Then our Lagriangian is
$$L(\phi,\theta,\psi) = \frac{1}{2} I_1 \left( \dot{\phi}^2 \sin^2 \theta + \dot{\theta}^2 \right) + \frac{1}{2} I_3 \left( \dot{\phi} \cos \theta + \dot{\psi} \right)^2 - Mgl\cos \theta $$
$$L(\phi,\theta,\psi) = \frac{1}{2} I_1 \left( \dot{\phi}^2 \sin^2 \theta + \dot{\theta}^2 \right) + \frac{1}{2} I_3 \left( \dot{\phi} \cos \theta + \dot{\psi} \right)^2 - Mgl\cos \theta $$
and 3 constants of motion we get are
$$ \begin{align} \text{(1)} &\;\;\; \frac{\partial L}{\partial \dot{\phi}}=\left( I_1 \sin^2 \theta + I_3 \cos^2 \theta \right) \dot{\phi} + I_3 \dot{\psi} \cos \theta = p_{\phi} \\ \text{(2)} &\;\;\; \frac{\partial L}{\partial \dot{\psi}} = I_3 \left( \dot{\psi} + \dot{\phi} \cos \theta \right) =p_{\psi} \\ \text{(3)} &\;\;\; \frac{1}{2} I_1 \left( \dot{\phi}^2 \sin^2 \theta + \dot{\theta}^2 \right) + \frac{1}{2} I_3 \left( \dot{\phi} \cos \theta + \dot{\psi} \right)^2 + Mgl\cos \theta = E \end{align}$$
The last one is replacement of $\theta$-directional Euler-Lagrange equation. We can rewrite (1) & (2) and inserting into (3) to leave only $\theta$ dependence.

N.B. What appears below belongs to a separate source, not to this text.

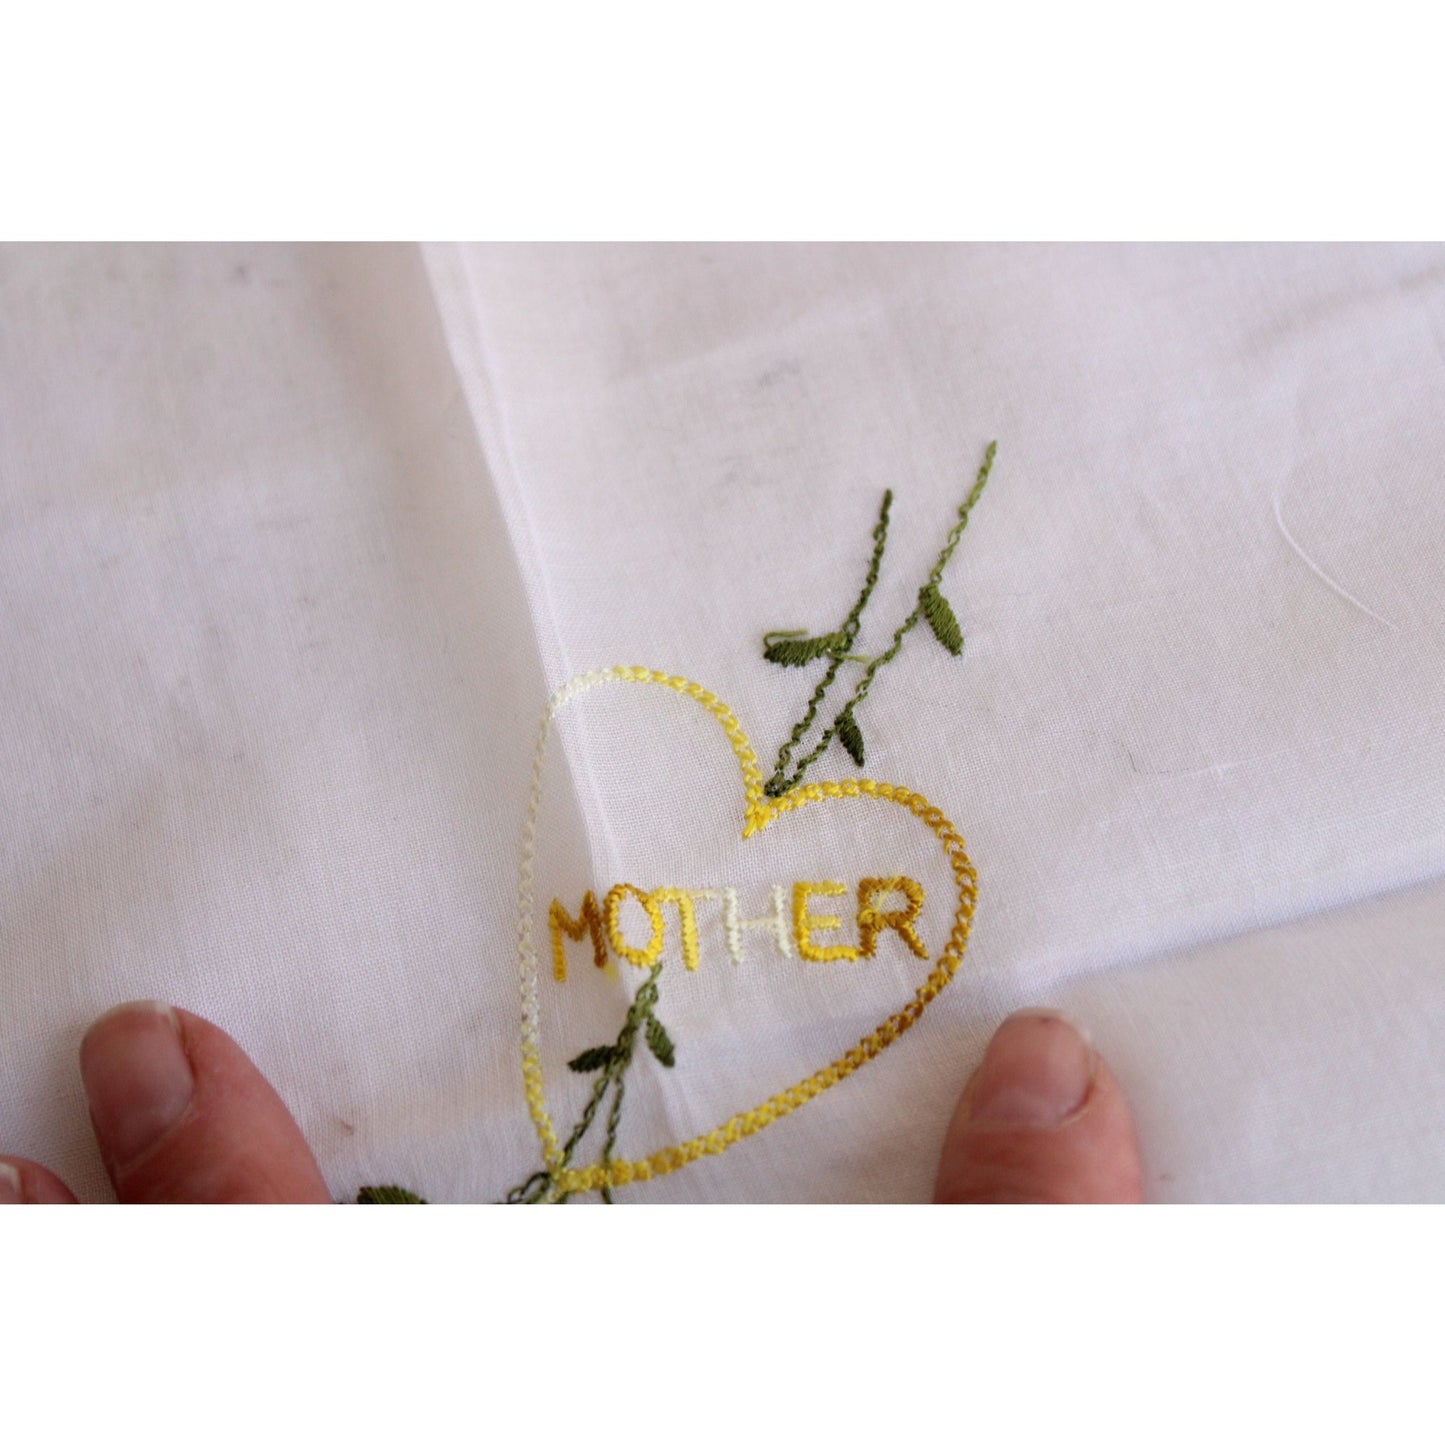 Vintage Handkerchief, Embroidered with "Mother" and Yellow Roses

$$ \begin{align} \text{(1)} &\;\;\; \dot{\phi}=\frac{p_{\phi}-p_{\psi} \cos \theta}{I_1 \sin^2 \theta} \\ \text{(2)} & \;\;\; \dot{\psi} = \frac{p_{\psi}}{I_3}-\frac{(p_{\phi}-p_{\psi} \cos \theta) \cos \theta}{I_1 \sin^2 \theta} \\ \text{(3)} &\;\;\; E=\frac{1}{2}I_1 \dot{\theta}^2 + \frac{(p_{\theta}-p_{\phi} \cos \theta)^2}{2 I_1 \sin^2 \theta} + \frac{p_{\psi}^2}{2I_3} + Mgl \cos \theta \end{align}$$
Then we can deform (3) to solve the exact solution
$$t(\theta)=\int \frac{d\theta}{\sqrt{2(E-U_{eff}(\theta))/I_1}}, \;\;\;\; U_{eff}(\theta)=\frac{(p_{\theta}-p_{\phi} \cos \theta)^2}{2 I_1 \sin^2 \theta} + \frac{p_{\psi}^2}{2I_3} + Mgl \cos \theta $$
Rather than finding a solution, let's guess the motion through the effective potential.

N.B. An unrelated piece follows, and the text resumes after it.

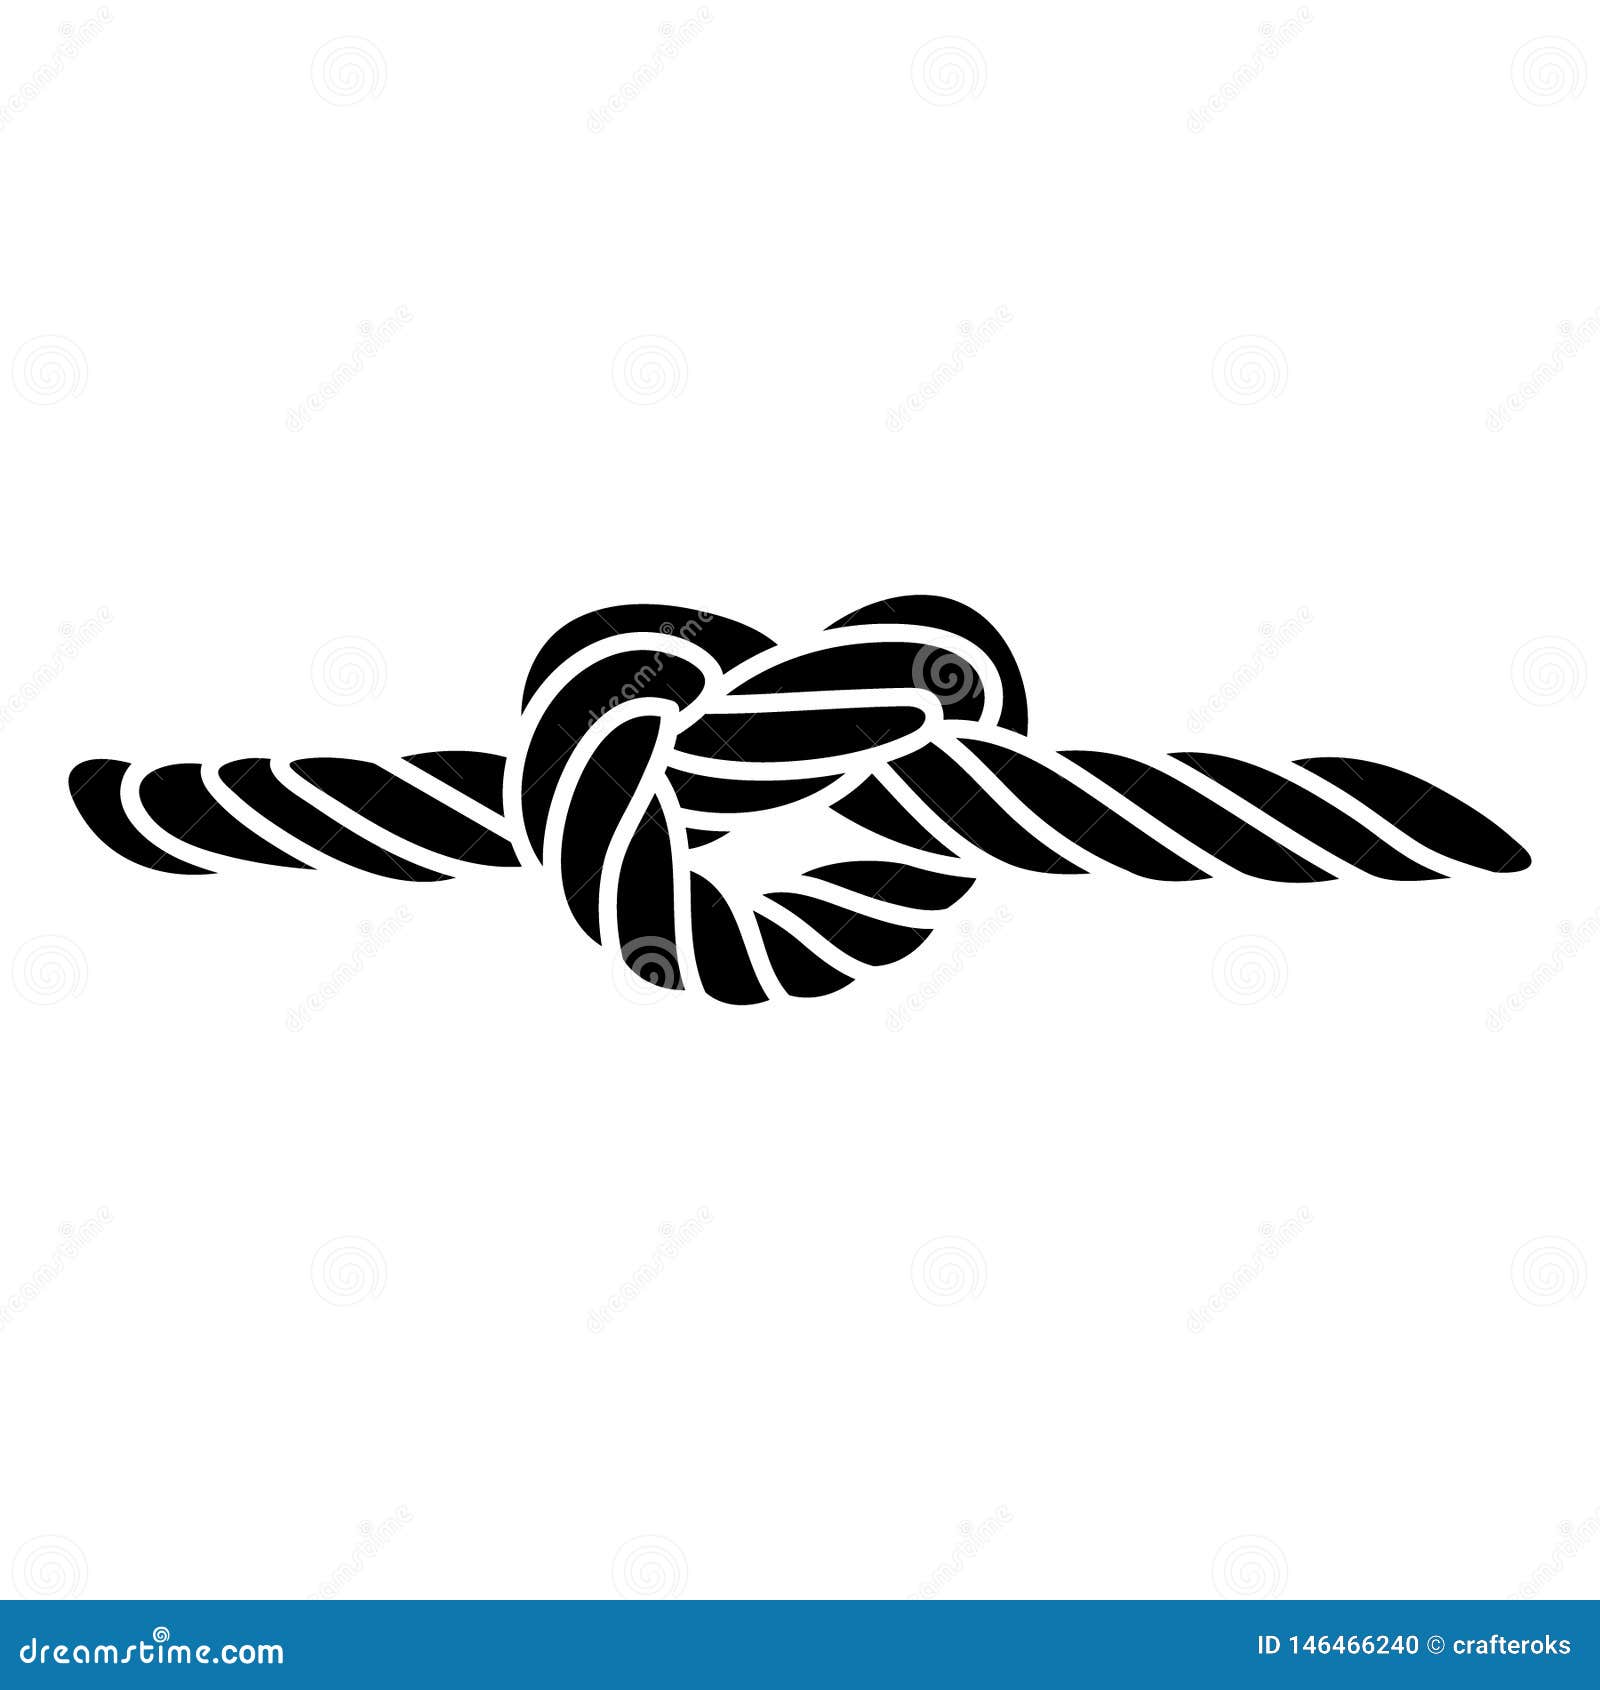 Rope Knot Vector, Hand Drawn, Vector, Eps, Logo, Icon, Crafteroks,  Silhouette Illustration for Different Uses Stock Vector - Illustration of  rope, vector: 146466240

If Energy minimized ($\theta=\theta_m$), $\theta_m$ satisfies
$$\left.\frac{dU_{eff}}{d\theta} \right|_{\theta=\theta_m}=\frac{-B^2 \cos \theta_m + p_{\psi}B\sin^2 \theta_m}{I_1 \sin^3 \theta_m} - Mgl \sin \theta_m = 0, \:\:\: B=p_{\phi}-p_{psi}\cos \theta_m$$
Solving this equation,
$$B=\frac{p_{\psi}\sin^2 \theta_m}{2\cos\theta_m} \left( 1 \pm \sqrt{1-\frac{4MglI_1 \cos\theta_m}{p_{\psi}^2}} \right)$$
This should be real. Thus $\psi$-directional angular momentum needed to rotate is at least
$$p_{\psi}^2 \geq 4Mgl I_1 \cos \theta_m$$
If Energy is $E=E'$, $\theta$ has two turning points ($\theta_1, \theta_2$). In this case $\hat{z}'$ rotate about $\hat{z}$ axis with precession. If $\dot{\phi}>0$ for all time, it has precession like 7(a). If $\dot{\phi}=0$ at some moment, it has precession like 7(b). If $\dot{\phi}<0$ for some time interval, it contains retrograde motion 7(c).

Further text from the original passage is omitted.